_Work order_:
Copy out the listing that follows exactly, dropping every picture.

_Raw data_:
Start of Block

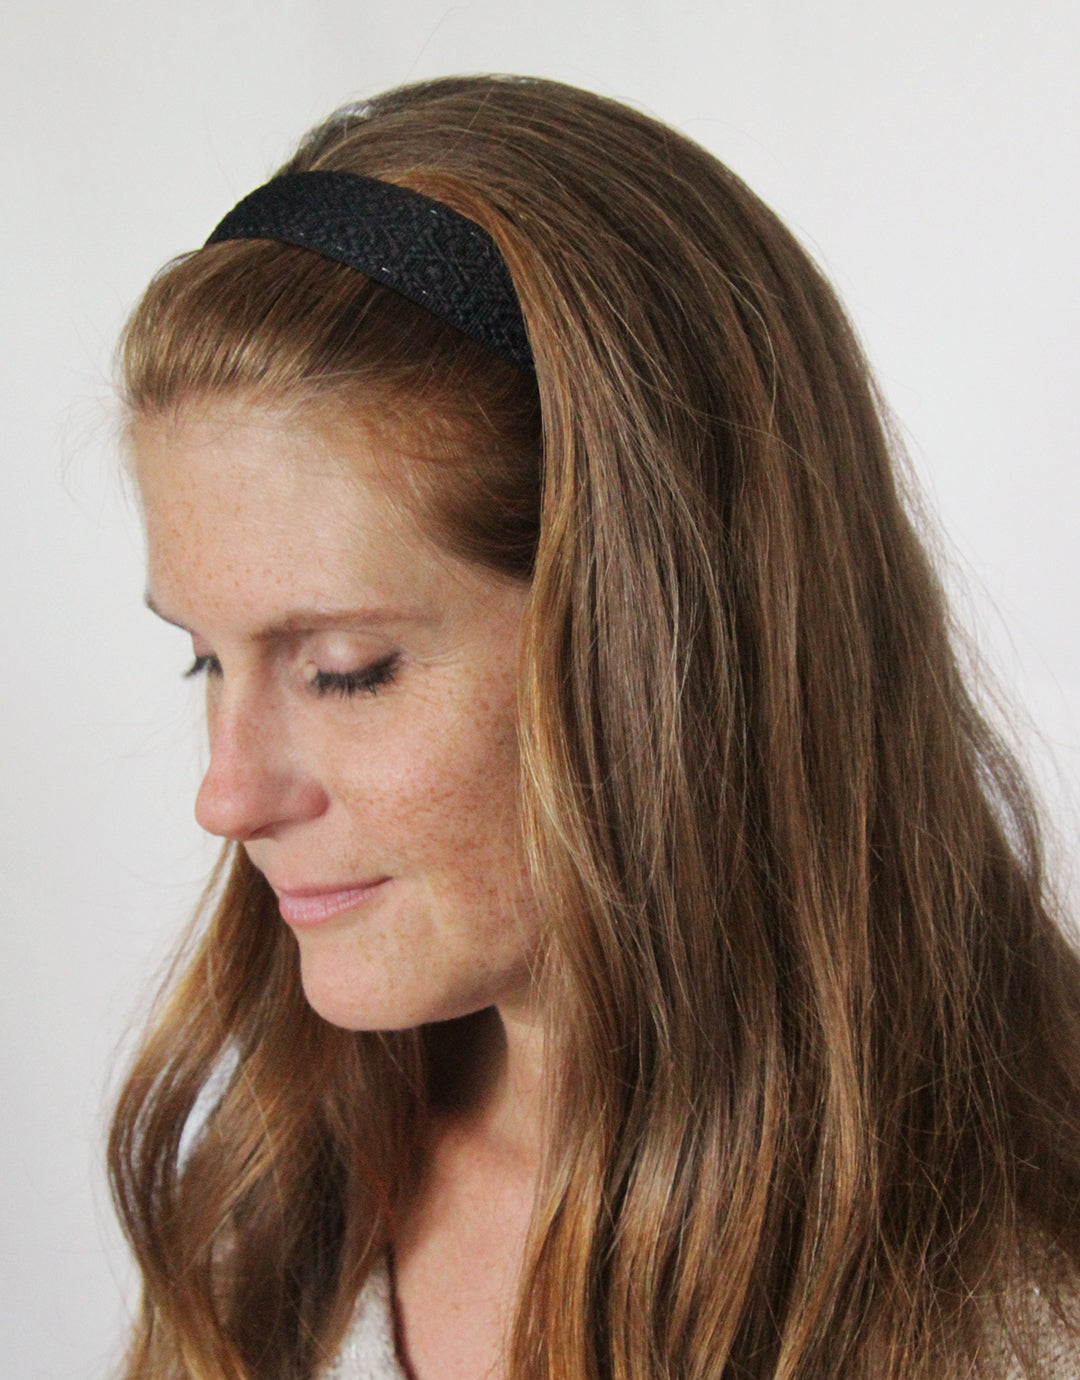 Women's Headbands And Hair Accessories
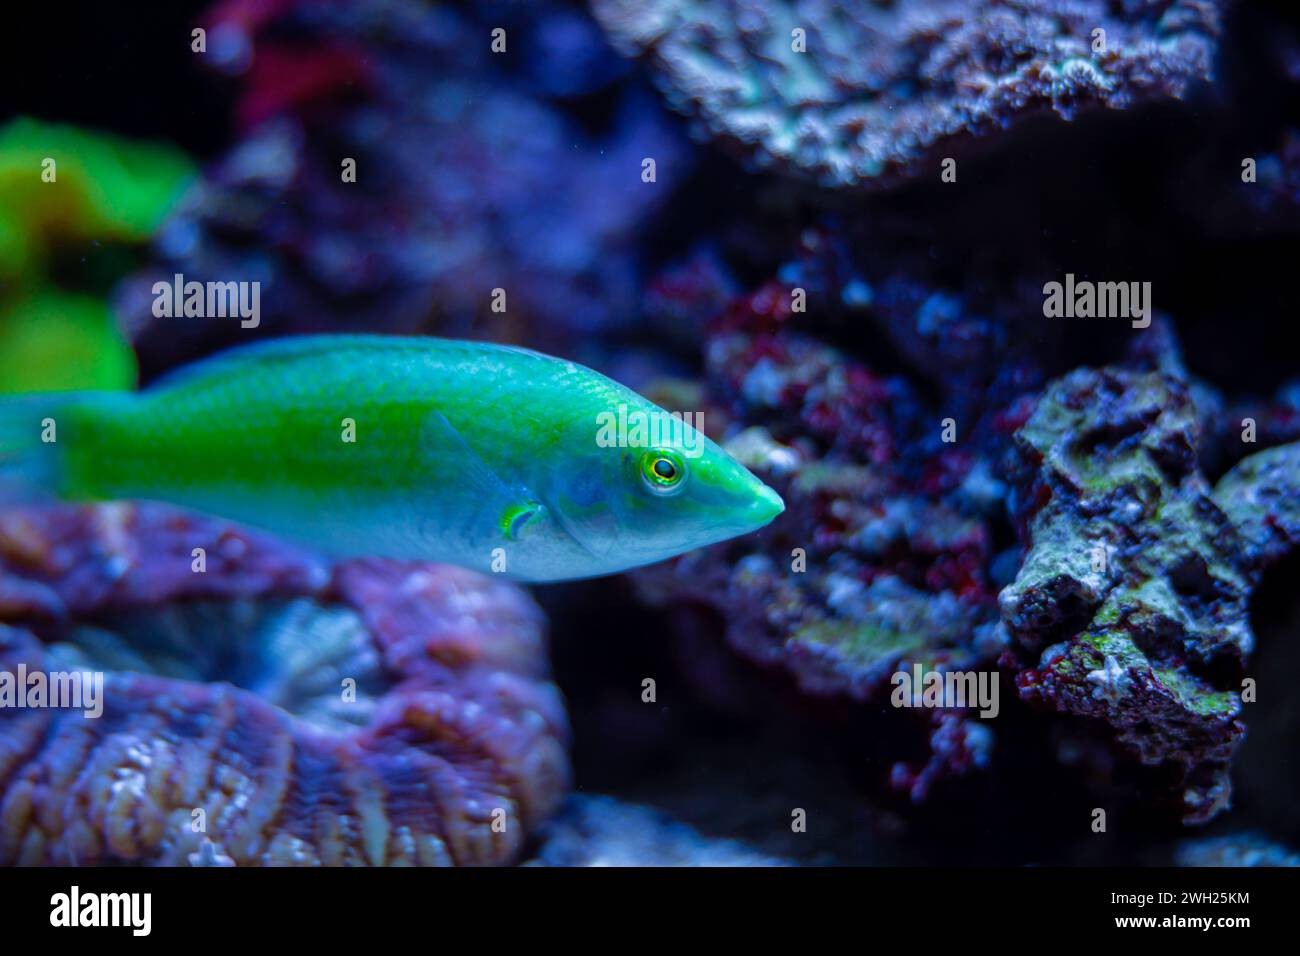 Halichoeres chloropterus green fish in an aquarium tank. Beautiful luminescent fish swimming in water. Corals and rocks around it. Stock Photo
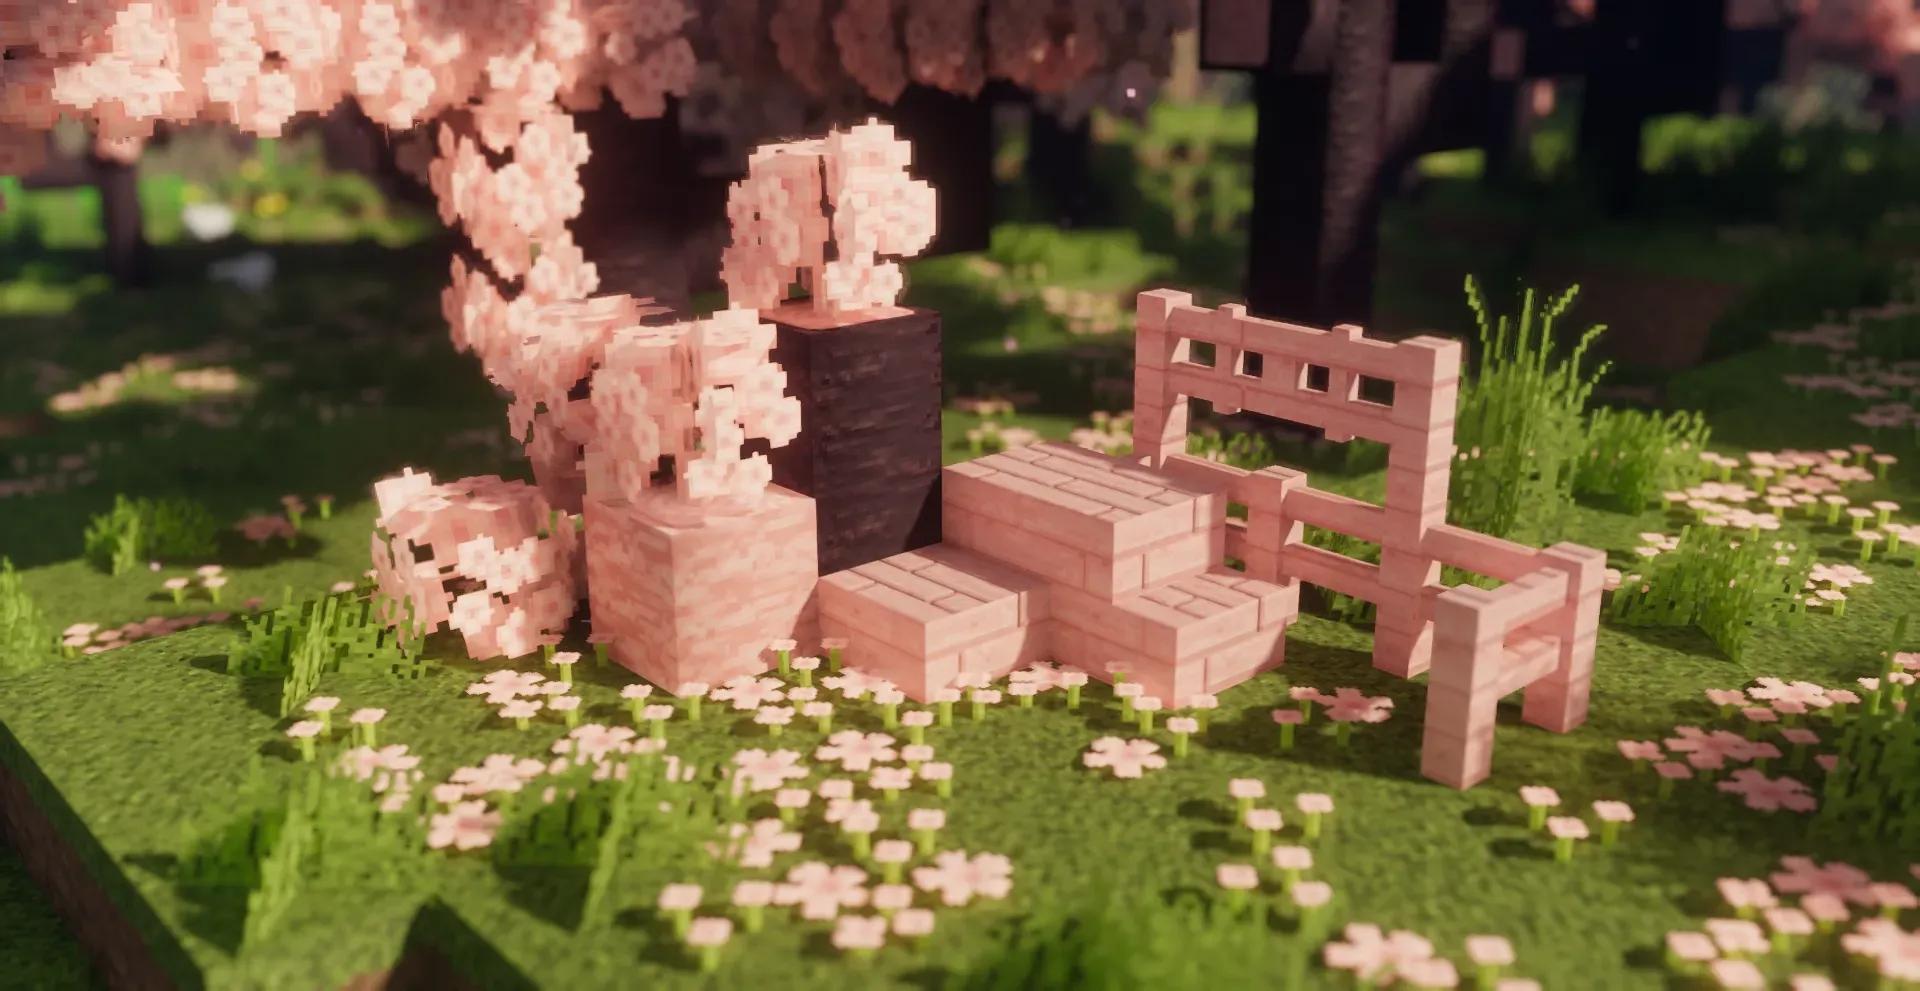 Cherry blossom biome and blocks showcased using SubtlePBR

End of Block

_Expected output_:
 Women's Headbands And Hair Accessories
 Halichoeres chloropterus green fish in an aquarium tank. Beautiful luminescent fish swimming in water. Corals and rocks around it. Stock Photo
 Cherry blossom biome and blocks showcased using SubtlePBR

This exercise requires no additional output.